CTE is a constellation of cognitive, mood, personality, and behavioral alterations that can develop following a single incident or repeated episodes of mTBI (Gavett et al., 2011; Jordan, 2000; Mendez, 1995). CTE currently can only be diagnosed at autopsy and in vivo biomarker studies are lacking as are longitudinal studies (Asken, Sullan, DeKosky, Jaffee, & Bauer, 2017). CTE features include extensive tau neurofibrillary tangles, amyloid beta plaques, and some macroscopic abnormalities, such as cerebral atrophy and enlarged ventricles as seen in Alzheimer's disease (Gavett et al., 2010). Although the clinical definition is much debated, there is clear overlap between CTE and TBI‐induced dementia as experienced by professional boxers (Zetterberg, Smith, & Blennow, 2013), retired football players, soccer players, hockey, and wrestlers (Gavett et al., 2010). On this same spectrum of cognitive decline, one could also include Alzheimer's disease, and its cardinal findings of neurofibrillary tangles, tau and amyloid plaques—a striking pathology often found in professional boxers with CTE (Roberts, Allsop, & Bruton, 1990; Tokuda, Ikeda, Yanagisawa, Ihara, & Glenner, 1991). Studies of individuals who died after a TBI event had amyloid plaques present in all age groups (Johnson, Stewart, & Smith, 2010; Ramos‐Cejudo et al., 2018). However, among patients who died from nonneurological causes, plaques were only seen in elderly individuals (Johnson et al., 2010; Ramos‐Cejudo et al., 2018). Therefore, TBI or repeated head injuries (mTBI) is a strong risk factor for both CTE and Alzheimer's disease (Gavett et al., 2010; Sivanandam & Thakur, 2012). Because of this association, the TaqMan® human Alzheimer's disease array was used to profile gene expressions in our patient samples. The selected genes that were identified are involved in amyloid precursor protein (APP) processing and are implicated in multiple secondary steps of Aβ aggregation, tau hyperphosphorylation, excitotoxicity, inflammation, apoptosis, oxidation, and microglial activation.
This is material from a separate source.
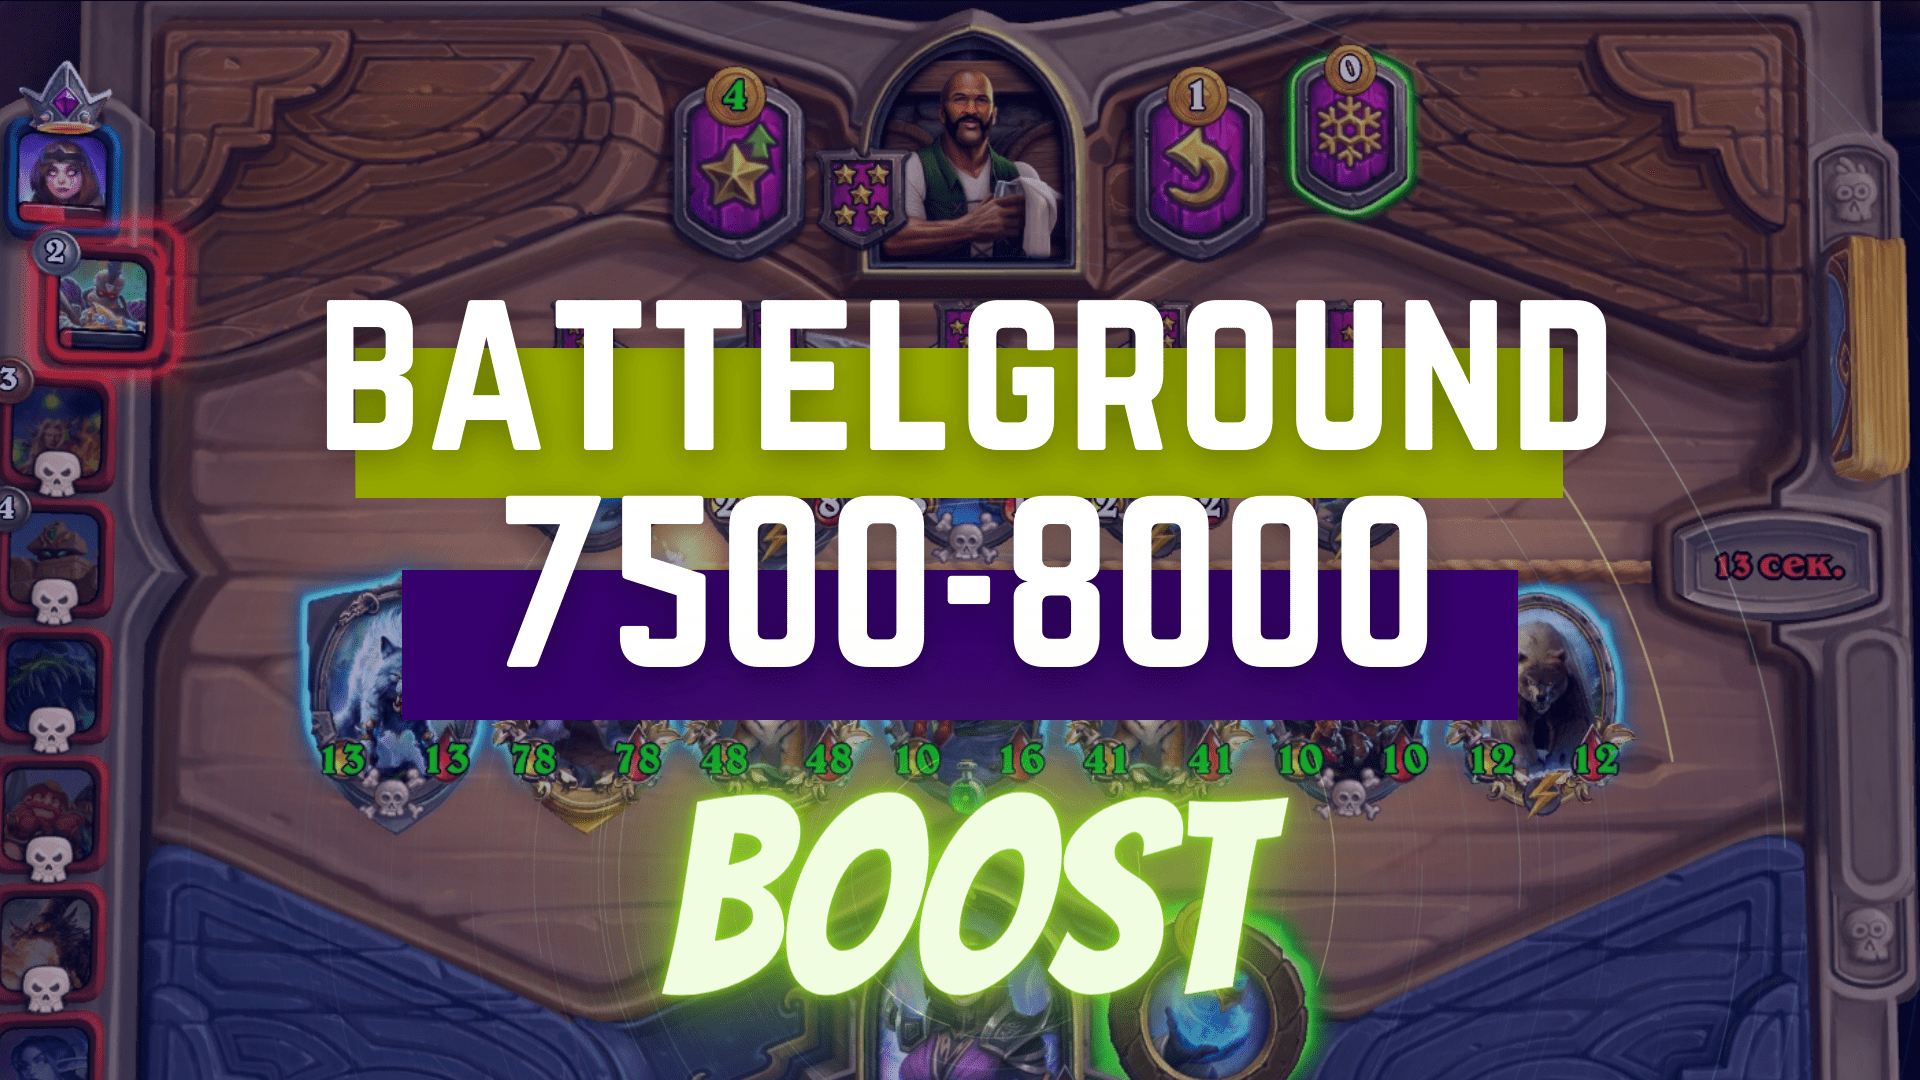 [BATTLEGROUNDS RATING] BOOST FROM 7500 TO 8000 Zafari - e2p.com

We identified 15 Alzheimer's disease‐associated mRNAs that had significant expression changes in salivary EVs isolated from ED patients when compared with controls and 14 Alzheimer's disease‐associated mRNAs in outpatient concussion clinic patients compared with controls (Table 2a,b). There were three genes that were common in both patient groups CDC2, cathepsin D (CTSD), and CSNK1A1. CTSD is associated with pathways involved in plaque formation and APP metabolism and was present in 12 out of the 15 ED patients and 15 out of 16 concussion clinic patients with an FC higher than two when compared with controls (p < 0.05). CSNK1A1 was present in 13 out of 15 ED patients and 16 out of 16 concussion clinic patients with an FC higher than two when compared with controls (p < 0.05). This is a casein kinase which is involved in the phosphorylation state of tau, a component of neurofibrillary tangles and plays a key role in the pathology to Alzheimer's disease and cell death. Both CTSD and casein kinase (CSNK1A1) are potential candidates for determination of head trauma and likely concussion. Future studies will correlate the levels of these two candidate biomarkers with neurocognitive testing.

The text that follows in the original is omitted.